Bug #38184
osd: recovery does not preserve copy-on-write allocations between object clones after 'rbd revert'
0%
Description
Hi. I've already reported it in issue 36614, but here is a more concrete case.
- Start with a bluestore Ceph cluster
- Create an RBD image
- Fill it with data
- Remember disk space used by the image as X
- Create a snapshot of it
- Immediately revert to it (rbd snap revert)
- After revert finishes you'll see that there was still X space used, but object count in the cluster is doubled
- Trigger a massive rebalance in the cluster
- After rebalance finishes you'll see that the image's objects residing in moved PGs now use 2*X disk space. This is because virtual clones stop being virtual after their data is moved
- Now run rbd snap revert again
- You'll see the space usage drop. This is because "virtual clones" become "virtual" again.

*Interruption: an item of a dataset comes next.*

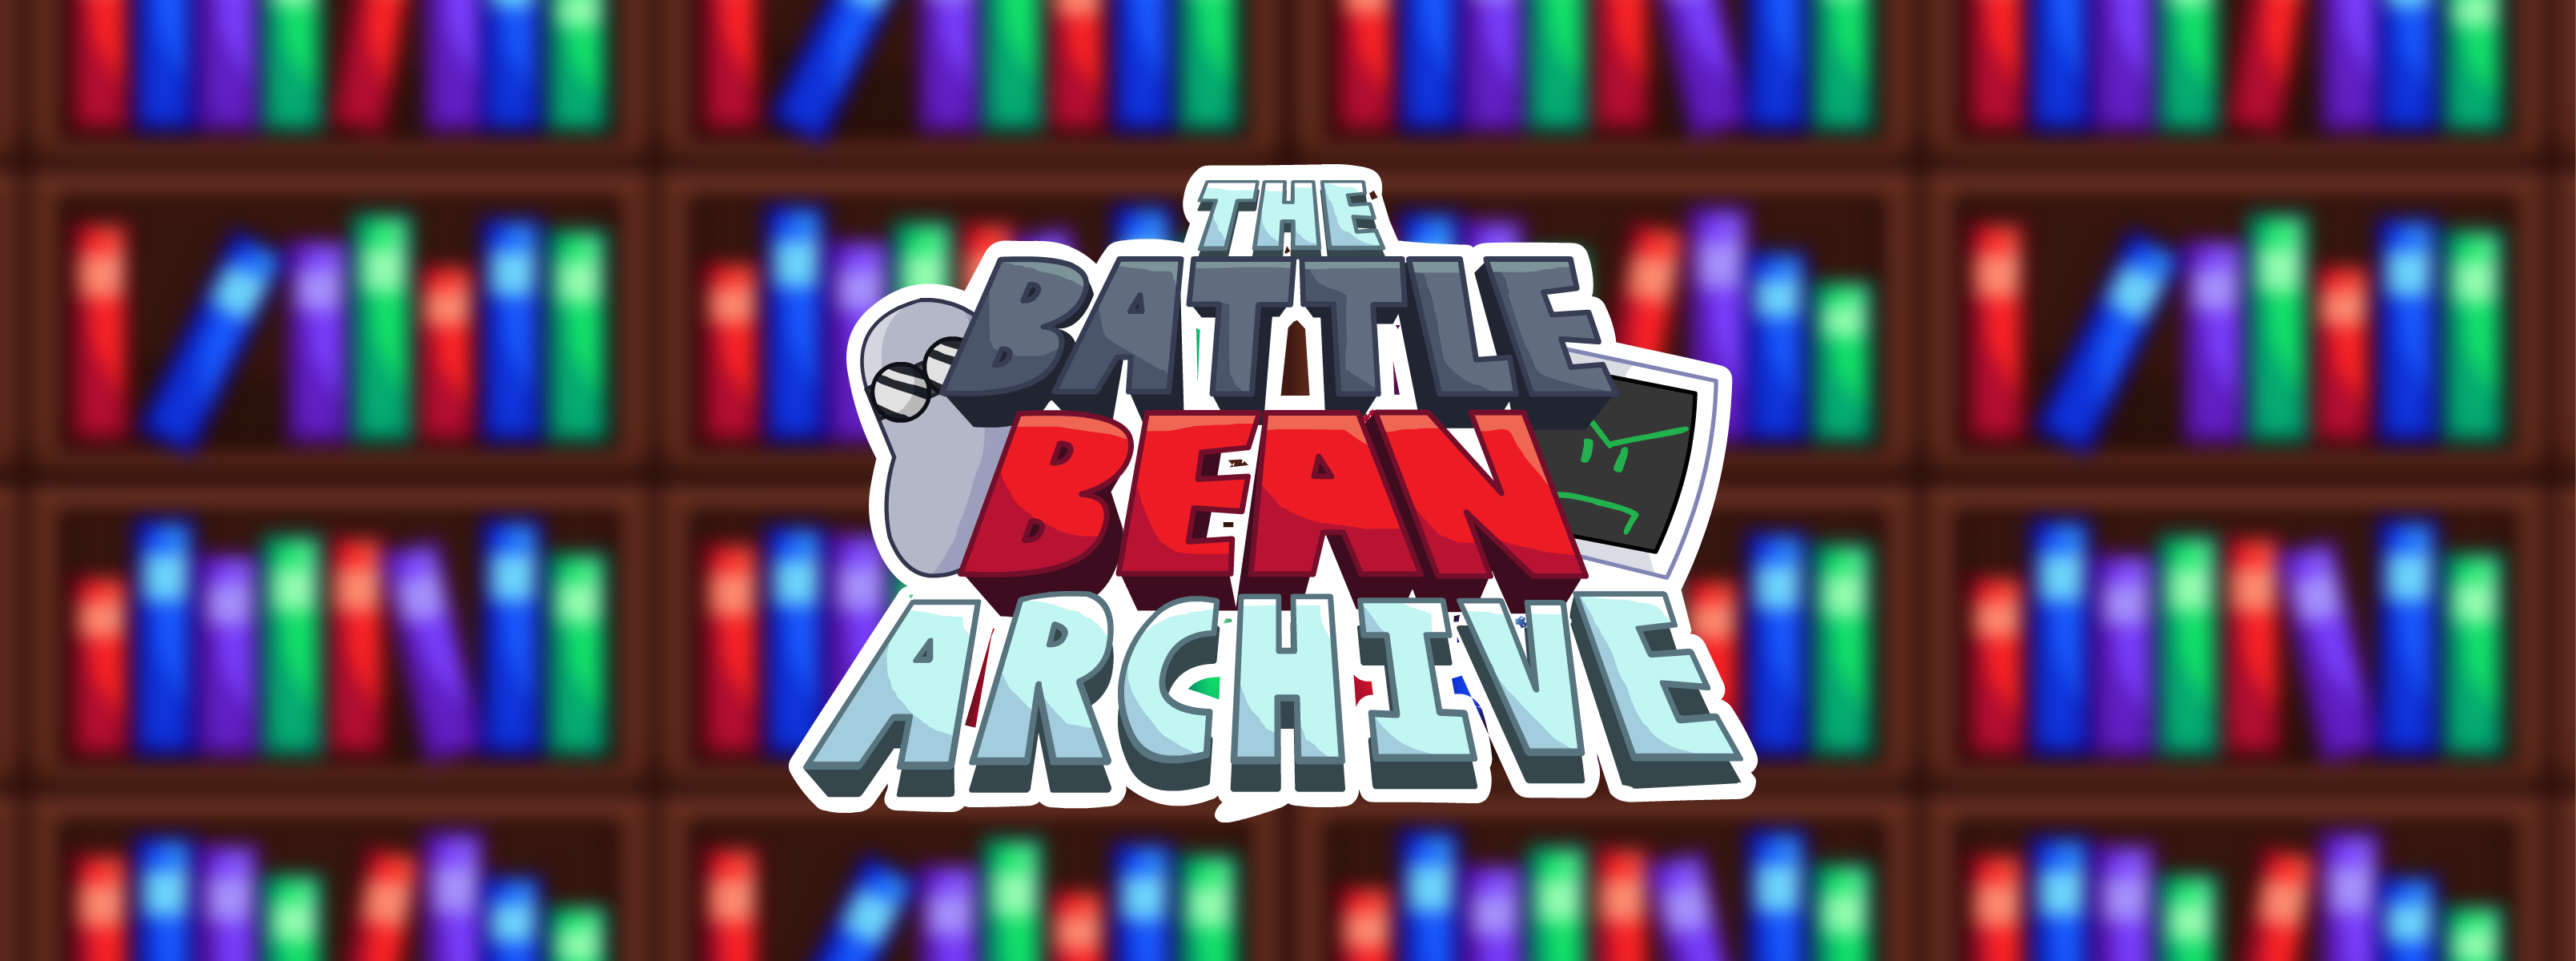 The Battle Bean Archive

I think it's a bug and should be fixed. It had led to a bad situation in our cluster once, described in issue 36614.
History
#1 Updated by Vitaliy Filippov about 5 years ago
Anyone?
#2 Updated by Sage Weil about 5 years ago
- Project changed from bluestore to RADOS
- Subject changed from Virtual clones break and begin to eat space after rebalancing to osd: recovery does not preserve copy-on-write allocations between object clones after 'rbd revert'
- Status changed from New to 12
This is indeed the current behavior. The OSD isn't clever enough to preserve the shared allocations across recovery. It is a large effort to change this.
#3 Updated by Patrick Donnelly over 4 years ago
- Status changed from 12 to New